How to handle unicode data-formats could definitely be improved.
As before, I'm doubtful what the actual needs are. For example, is
it desired to support generation of ID3v2 tags with such a data
format? The tag is specified here:
Perhaps I was not clear enough about what I'm try to do.   For a long 
time a lot of people have wanted something like Numeric in Python 
itself.  There have been many hurdles to that goal.

After discussions at SciPy 2006 with Guido, we decided that the best way 
to proceed at this point was to extend the buffer protocol to allow 
packages to share array-like information with each-other.

There are several things missing from the buffer protocol that NumPy 
needs in order to be able to really understand the (fixed-size) memory 
another package has allocated and is sharing.

The most important of these is

1) Shape information
2) Striding information
3) Data-format information  (how is each element perceived).

Shape and striding information can be shared with a C-array of integers.

How is data-format information supposed to be shared?

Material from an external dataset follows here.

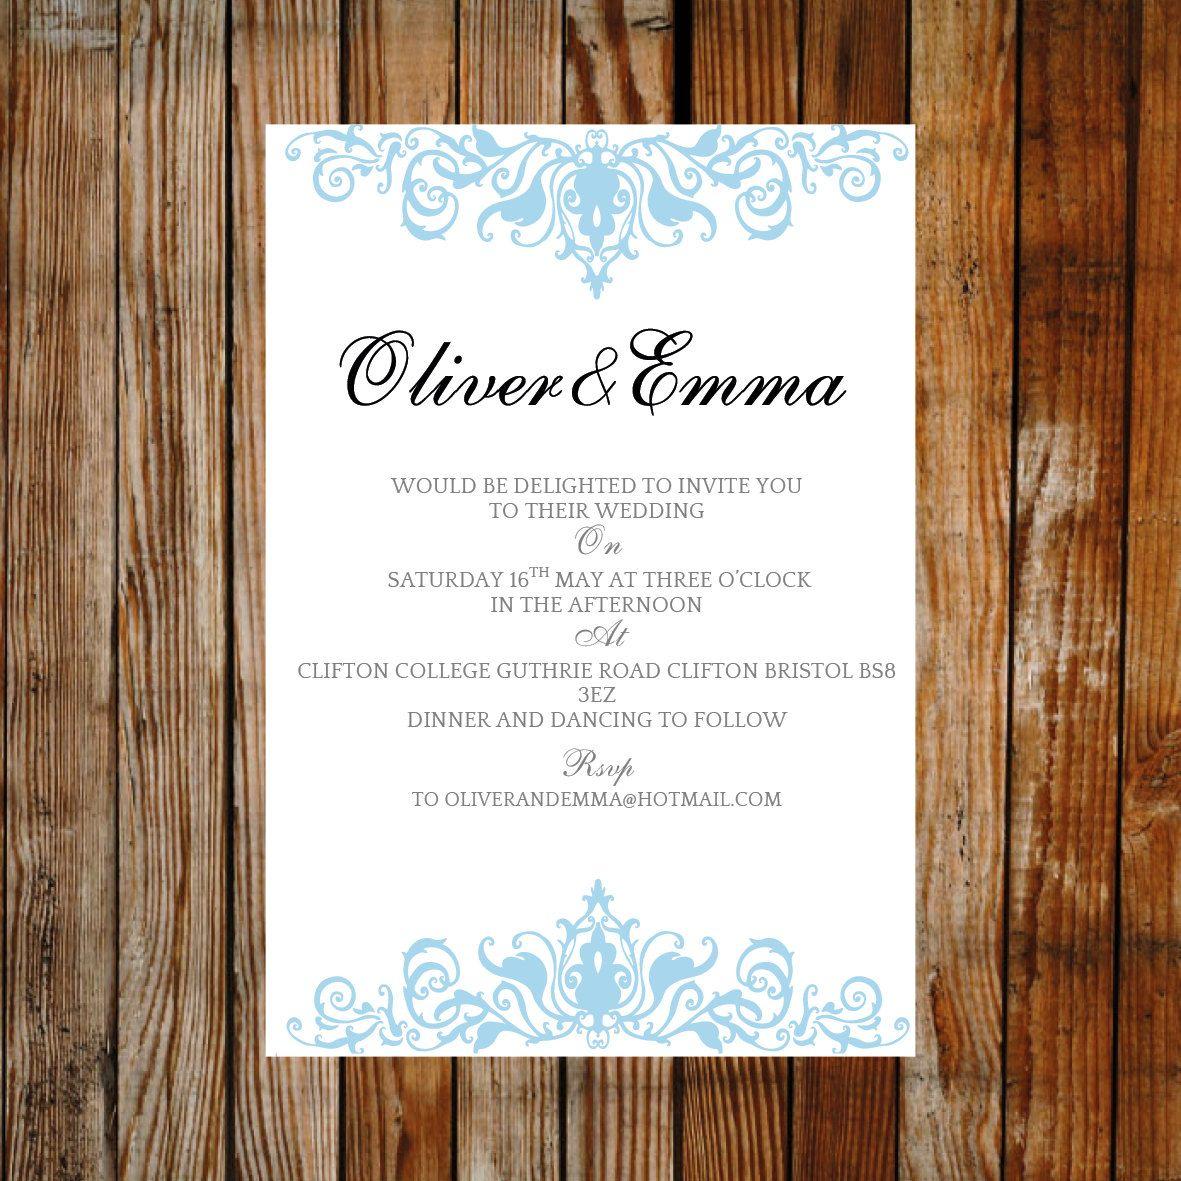 Wedding invite template elegance blue download printable wedding invite template elegance blue download printable microsoft word template diy wedding monicamarmolfo Images

We've come up with a very flexible way to do this in NumPy using a 
single Python object.  This Python object supports describing the layout 
of any fixed-size chunk of memory (right now in units of bytes --- bit 
fields could be added, though).

I'm proposing to add this object to Python so that the buffer protcol 
has a fast and efficient way to share #3.   That's really all I'm after.

It also bothers me that so many ways to describe binary data are being 
used out there.  This is a problem that deserves being solved.  And, no, 
ctypes hasn't solved it (we can't directly use the ctypes solution). 
Perhaps this PEP doesn't hit all the corners, but a data-format object 
*is* a useful thing to consider.

The array object in Python already has a PyArray_Descr * structure that 
is a watered-down version of what I'm talking about.   In fact, this is 
what Numeric built from (or vice-versa actually).  And NumPy has greatly 
enhanced this object for any conceivable structure.

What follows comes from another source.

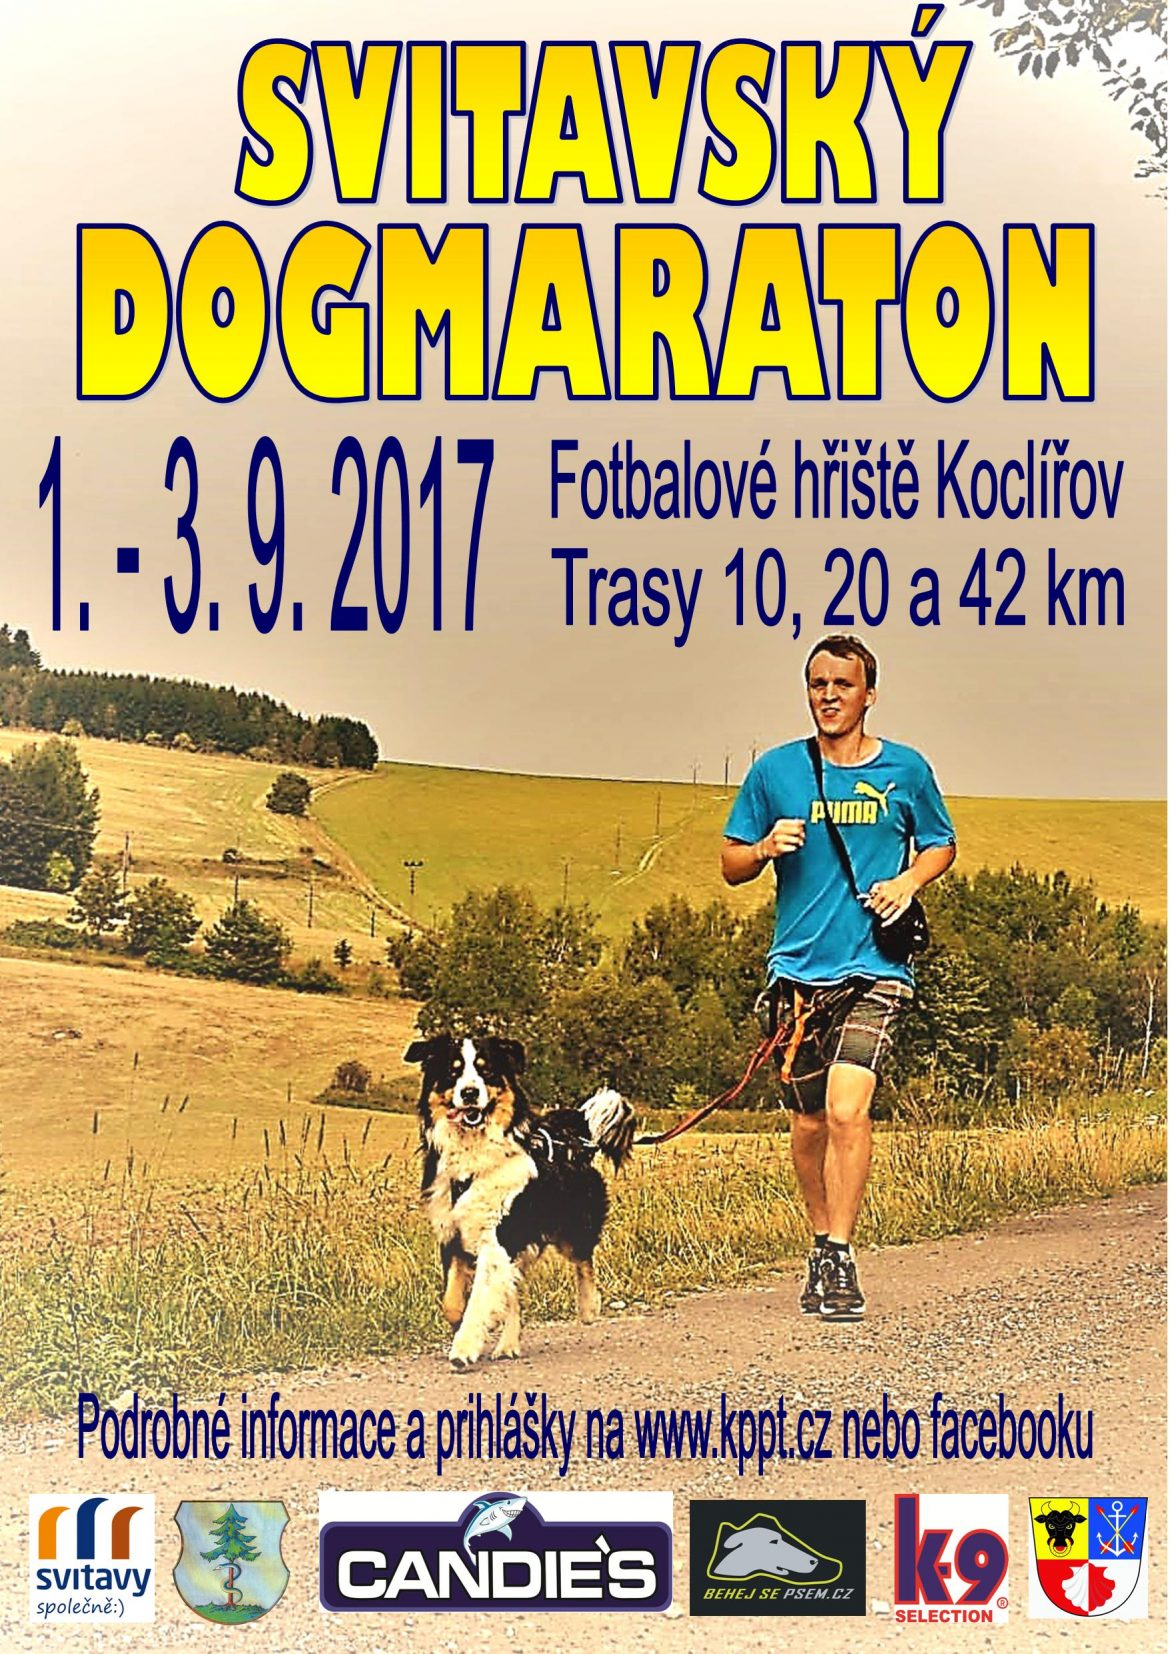 dogmaraton 2017 plakát(1)

Guido seemed to think the data-type objects were nice when he saw them 
at SciPy 2006, and so I'm presenting a PEP.

Without the data-format object, I'm don't know how to extend the buffer 
protocol to communicate data-format information.  Do you have a better 
idea?

I have no trouble limiting the data-type object to the buffer protocol 
extension PEP, but I do think it could gain wider use.
...
Is it the intent of this PEP to support such data structures,
and allow the user to fill in a Unicode object, and then the
processing is automatic? (i.e. in ID3v1, the string gets
automatically Latin-1-encoded and zero-padded, in ID3v2, it
gets automatically UTF-8 encoded, and null-terminated)
No, the point of the data-format object is to communicate information 
about data-formats not to encode or decode anything.   Users of the 
data-format object could decide what they wanted to do with that 
information.   We just need a standard way to communicate it through the 
buffer protocol.

-Travis